**PROBLEM:**
Once you have located the line containing "briggs and stratton" in the material below, return it exactly along with each line after it through the line containing "Atac Aramat la".

**EXTRACTED MATERIAL:**
_____
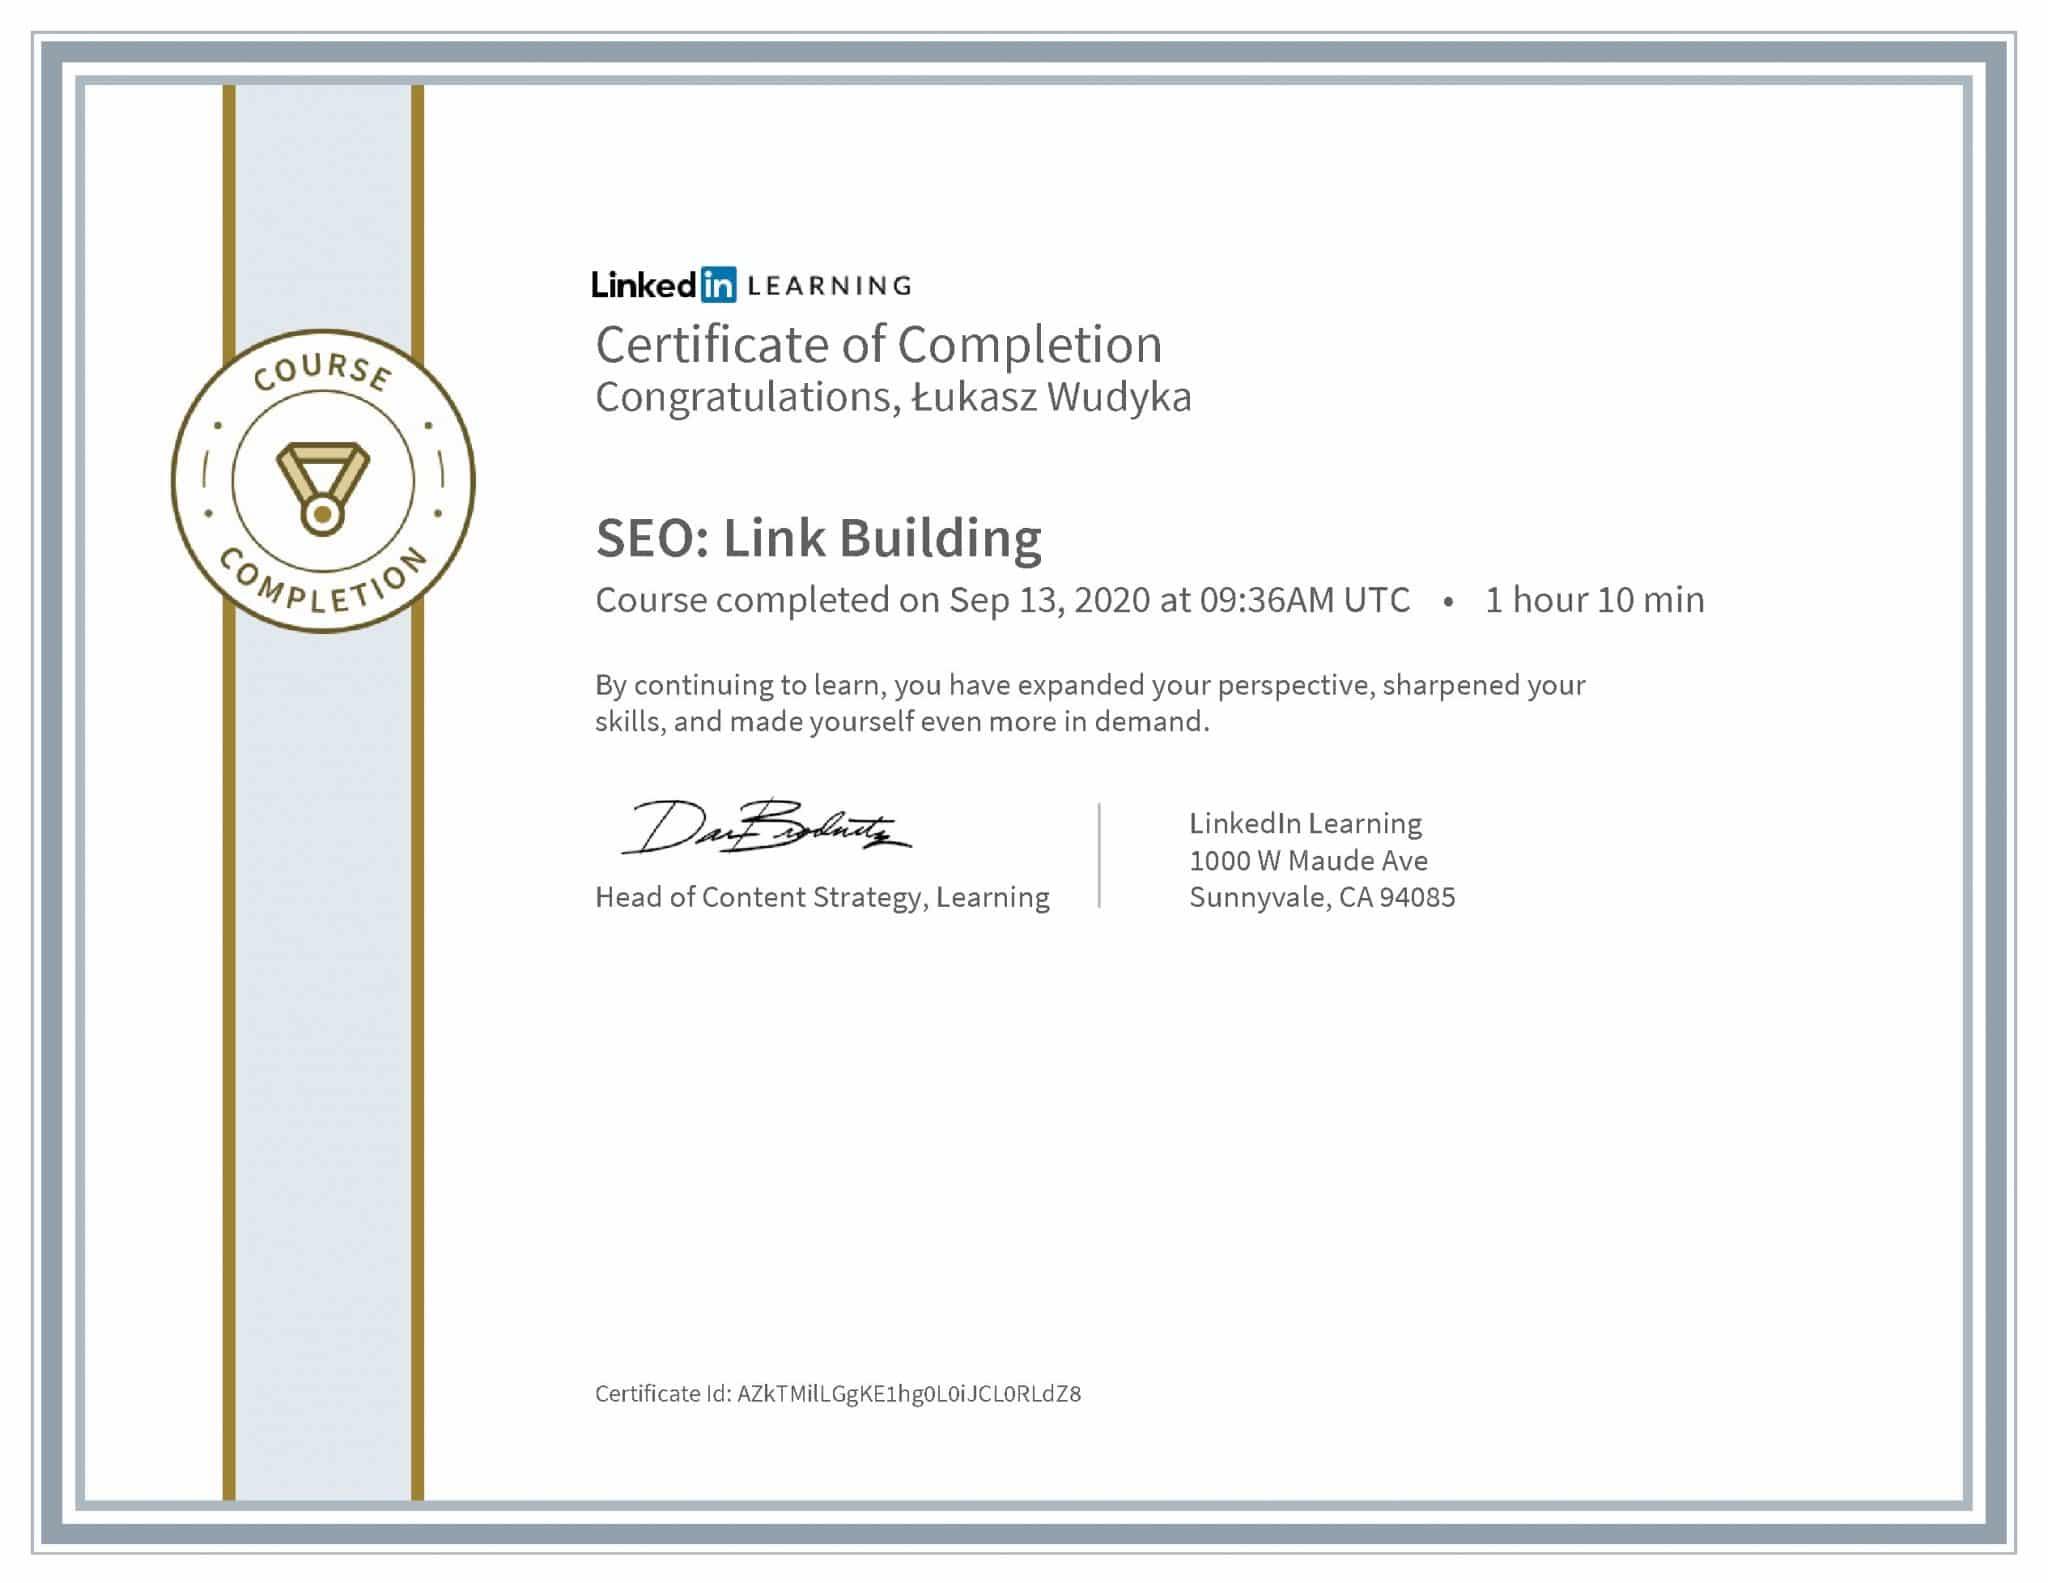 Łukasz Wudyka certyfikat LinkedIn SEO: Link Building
_____
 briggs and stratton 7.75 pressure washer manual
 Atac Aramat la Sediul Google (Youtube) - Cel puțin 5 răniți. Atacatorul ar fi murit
_____
**ANSWER TO THIS EXERCISE:**
 briggs and stratton 7.75 pressure washer manual
 Atac Aramat la Sediul Google (Youtube) - Cel puțin 5 răniți. Atacatorul ar fi murit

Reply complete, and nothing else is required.